Tracking time and attendance of nearly 140 employees with Timecard Monitor provided superior security, accuracy, and efficiency; improved employee accountability and productivity; and reduced payroll costs.

Installation took less than 10 minutes at each site and was described by General Manager Guy Ruffo, as impressively smooth and easy. But more importantly, it addressed all of the challenges defined by on-site managers while satisfying corporate expectations.

The system fully-automated the tracking of employee hours and streamlined the payroll administration process. Its application of biometric recognition technology enabled the capacity to “know” employees and their work schedules.

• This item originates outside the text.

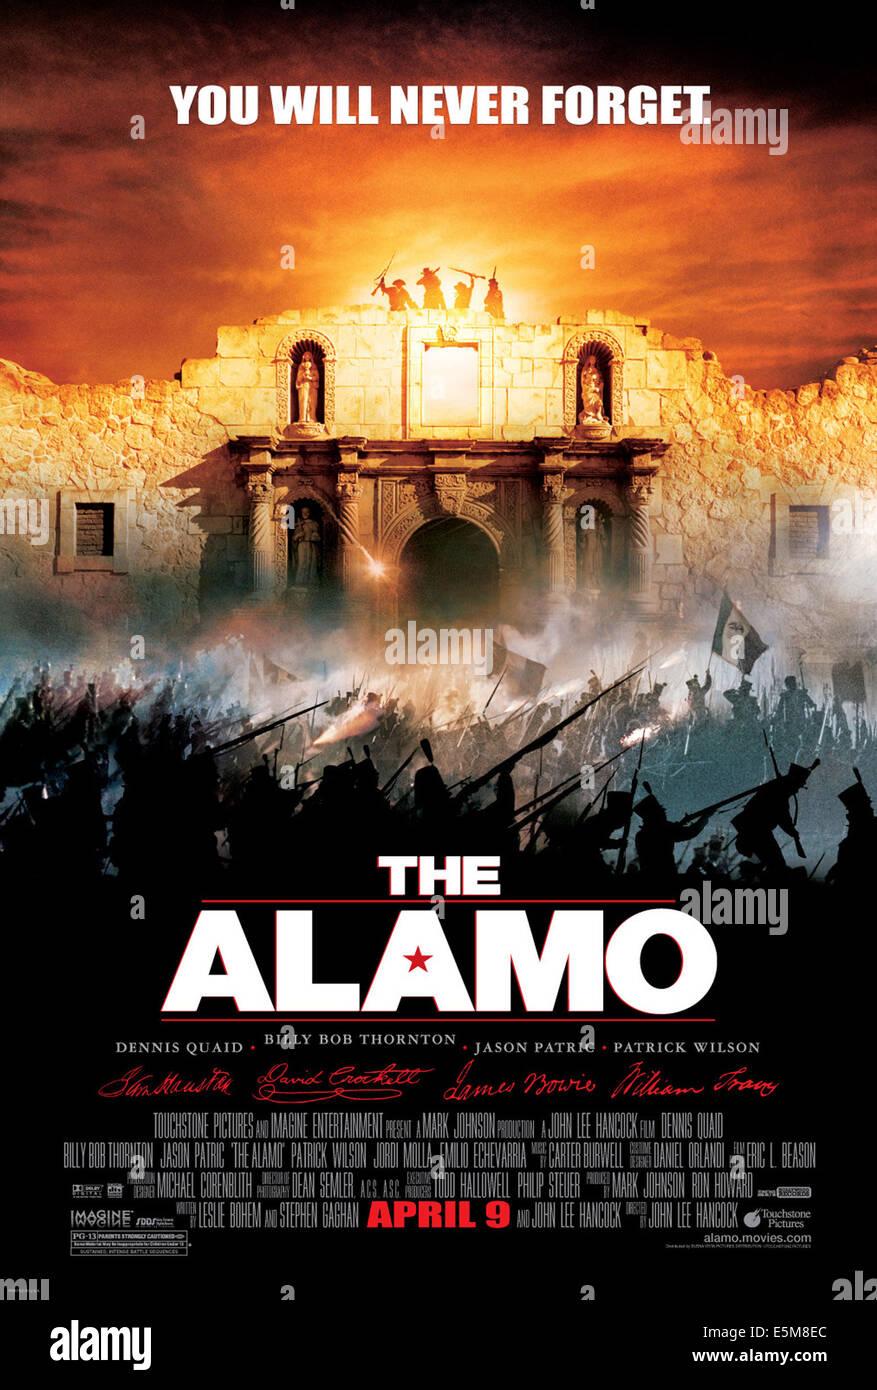 THE ALAMO, 2004, (c) Touchstone/courtesy Everett Collection - Stock Image

For example, managers could pre-program shifts, restricting employee “log-ins” to within a five-minute window from the assigned start time. In addition to eliminating the issue of early-arrivals, it also prevented other forms of time-fraud, such as buddy-punching and red-flagged questionable entries, allowing administrators to reconcile and/or modify the data.

It enabled store managers to concentrate on the core business by removing the time-consuming tasks associated with preprocessing payroll and, in doing so, eliminated human errors from the process.

“Timecard Monitor provides a cost-effective approach for managing employee time and attendance,” said Ruffo. “We’ve realized a diverse and broad range of benefits including everything from reductions in overtime, simplified social security payments, ease of access to management information, and the ability to maintain our payroll budget.”